FILE PHOTO: A Lululemon sign is seen at a shopping mall in San Diego, California, US, November, 23, 2022.  REUTERS/Mike Blake//File Photo
FILE PHOTO: A Lululemon sign is seen at a shopping mall in San Diego, California, US, November, 23, 2022. REUTERS/Mike Blake//File Photo

Texas Attorney General Ken Paxton has launched an investigation into athleisure brand Lululemon over the potential presence of "forever chemicals" in its activewear, he said on Monday in a post on social-media platform X.

The probe will examine whether Lululemon's athletic apparel contains PFAS, which the brand's health-conscious customers would not expect based on its marketing, Paxton said.
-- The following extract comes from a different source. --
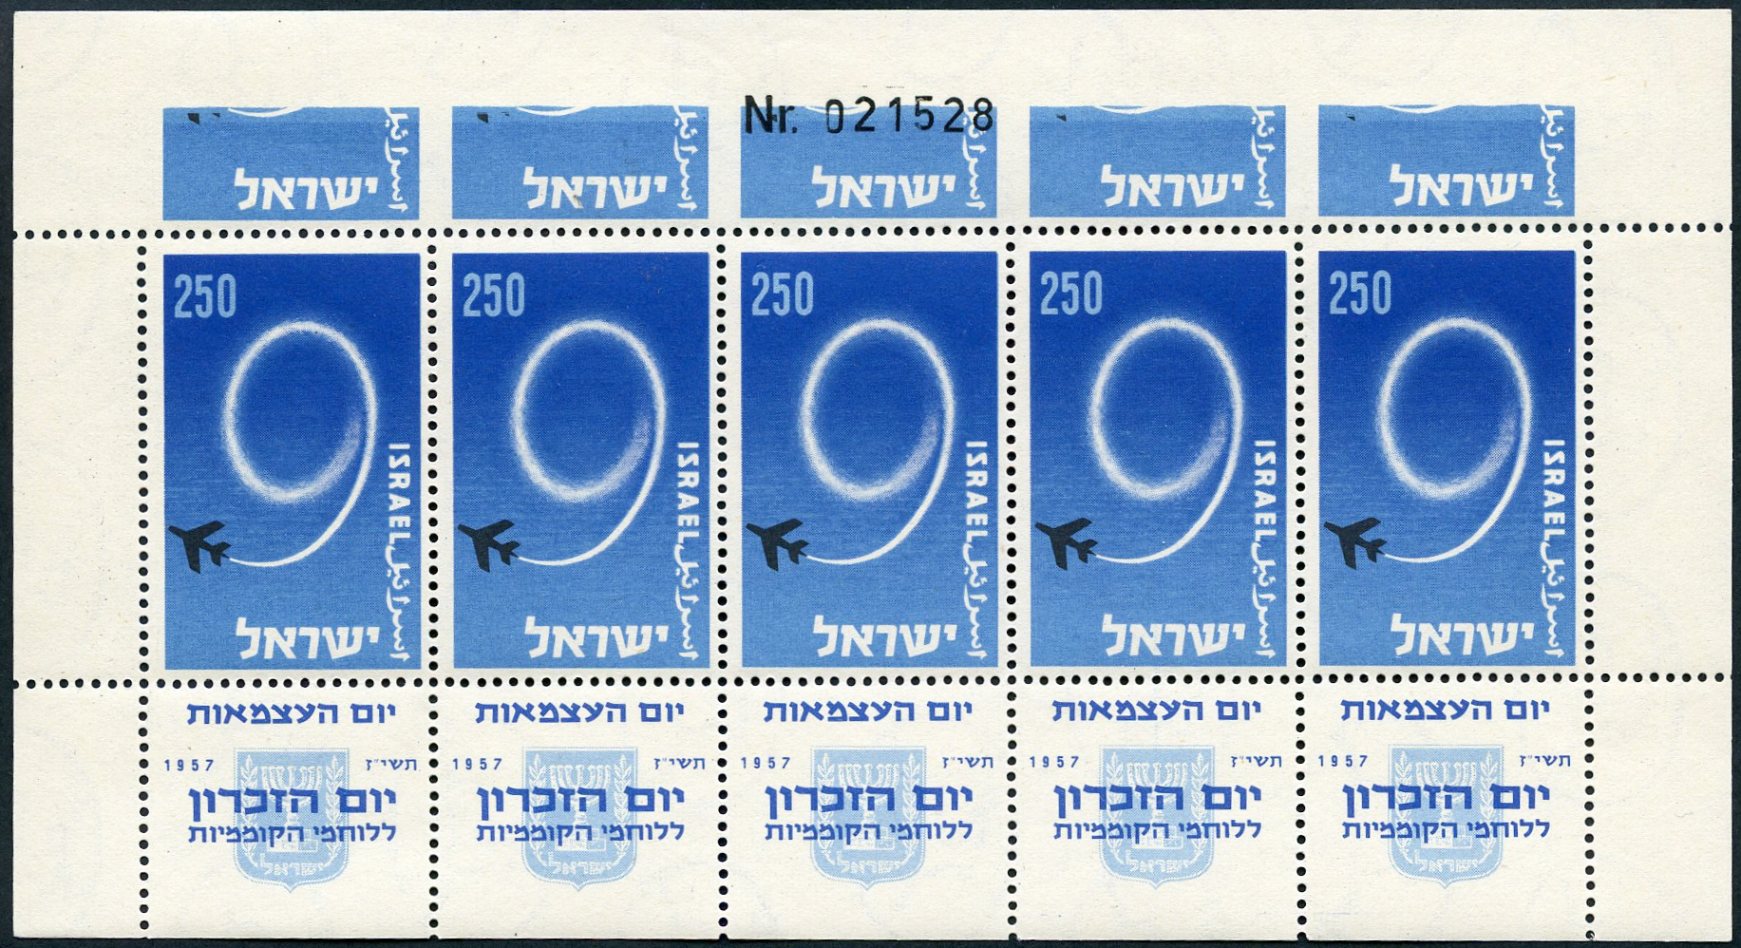 Lot 315 - ISRAEL: ISSUES, FDC's, PLATE BLOCKS & BOOKLETS  -  Tel Aviv Stamps Ltd. Auction #50

PFAS, or per- and polyfluoroalkyl substances, are a group of widely used materials called "forever chemicals" because they do ⁠not break down easily ⁠in nature.
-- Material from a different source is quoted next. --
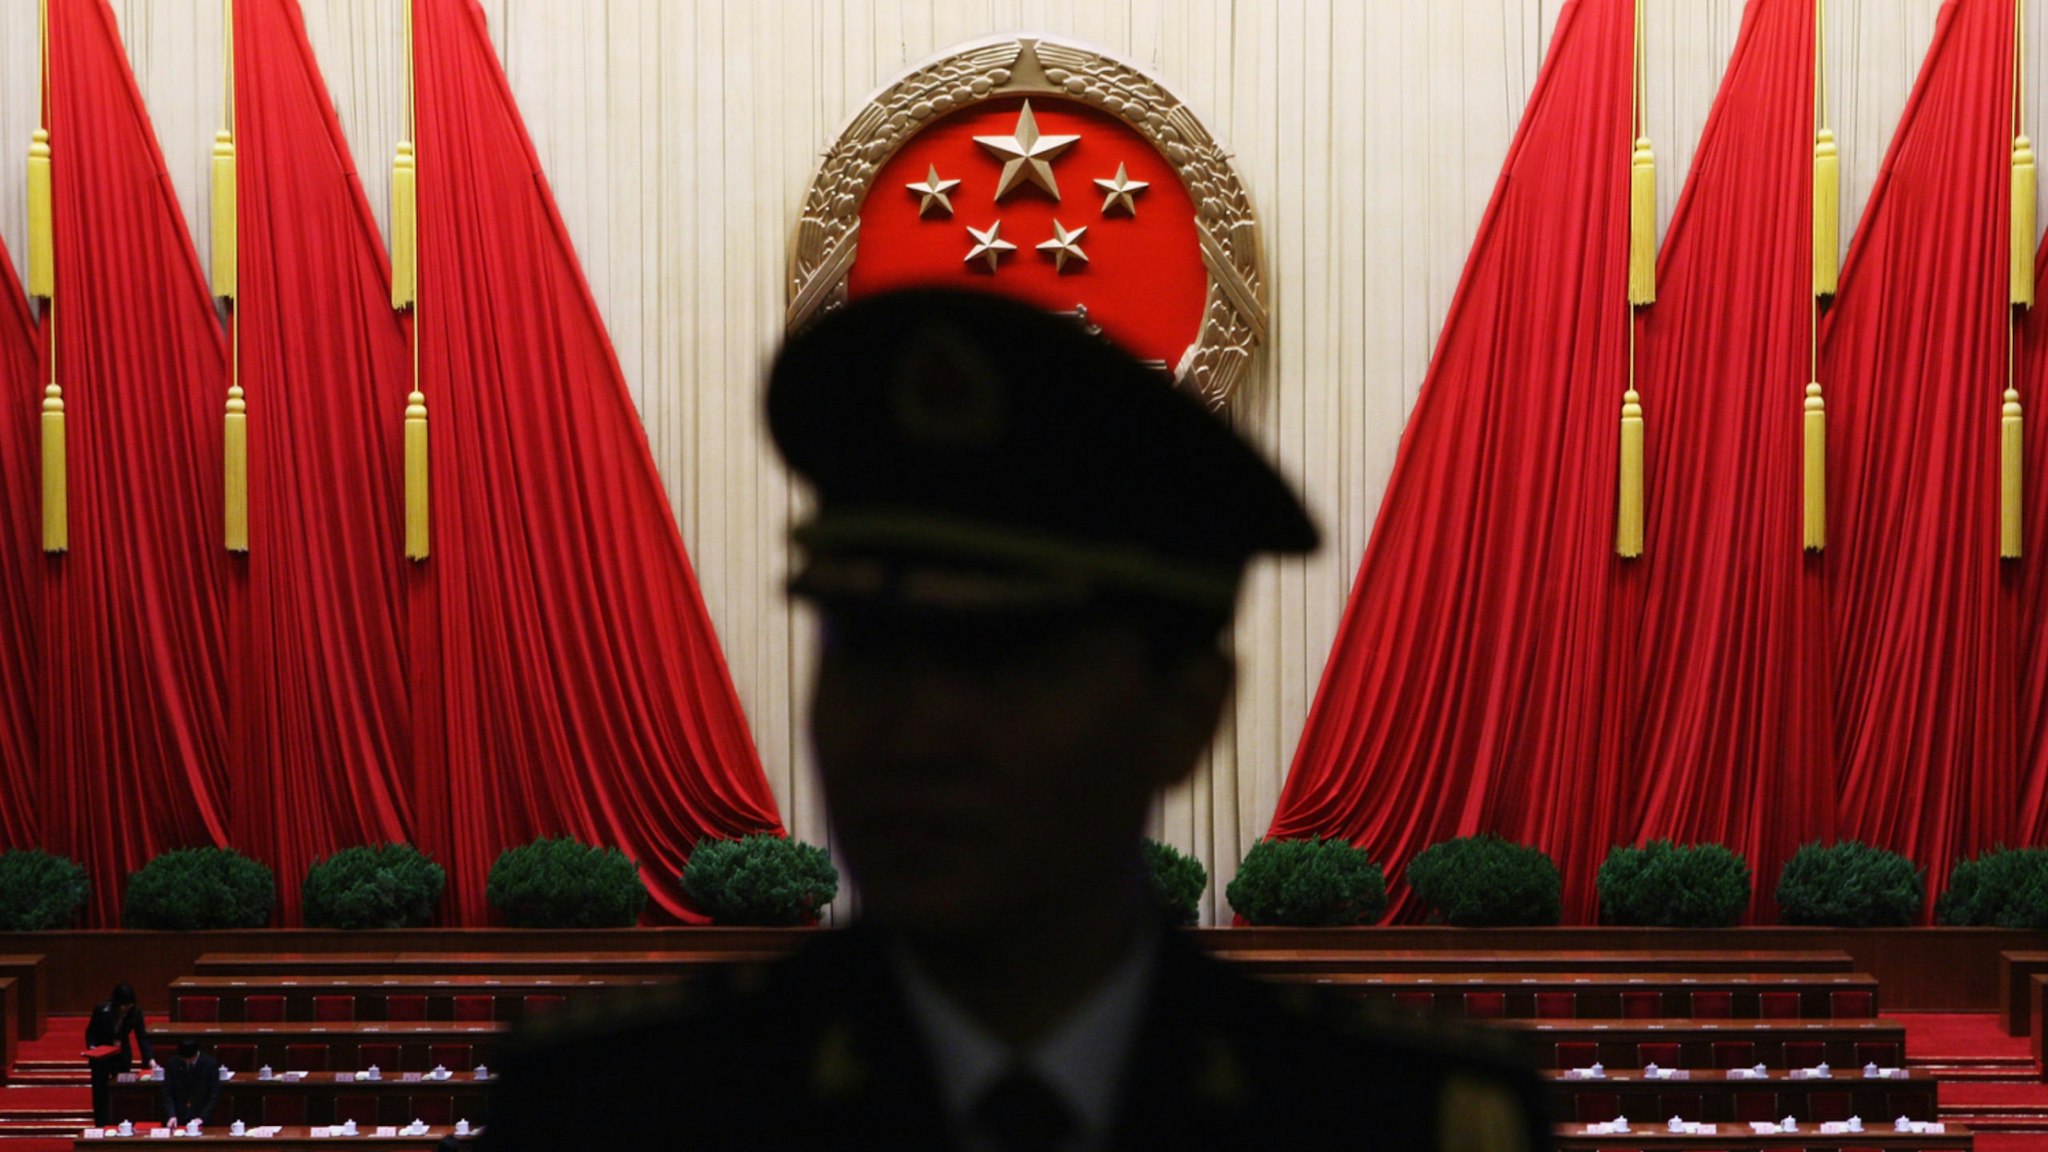 A Chinese military band conductor is seen during a rehearsal before the closing session of the National People's Congress (NPC), or parliament, at the Great Hall of the People on March 13, 2009 in Beijing, China.

"Lululemon does not use PFAS in its products," a company spokesperson said, adding it phased out the substance in fiscal 2023, after limited use in durable water repellent products.

According to Reuters, Attorney General Paxton said emerging research and consumer concerns have raised ⁠questions about whether certain synthetic materials in the apparel could be linked to endocrine disruption, infertility, cancer and other health risks.

PFAS are associated with harmful health effects in humans and animals, according to the US Environmental Protection Agency.

The Office of the Attorney General will examine Lululemon's testing protocols, restricted substances list and supply chain practices against state safety standards.

"If Lululemon has violated Texas law, it will be ⁠held accountable," Paxton ⁠said in his post.

The company spokesperson said they are aware of the inquiry and are cooperating.

Earlier this year, the company had to pull its "Get Low" workout collection from its website following user complaints, only resuming online sales after addressing the issues.

Lululemon, which appointed a former chief of jeans maker Levi Strauss to the board last month, has forecast weak annual results amid tepid demand and an ongoing proxy fight with its founder.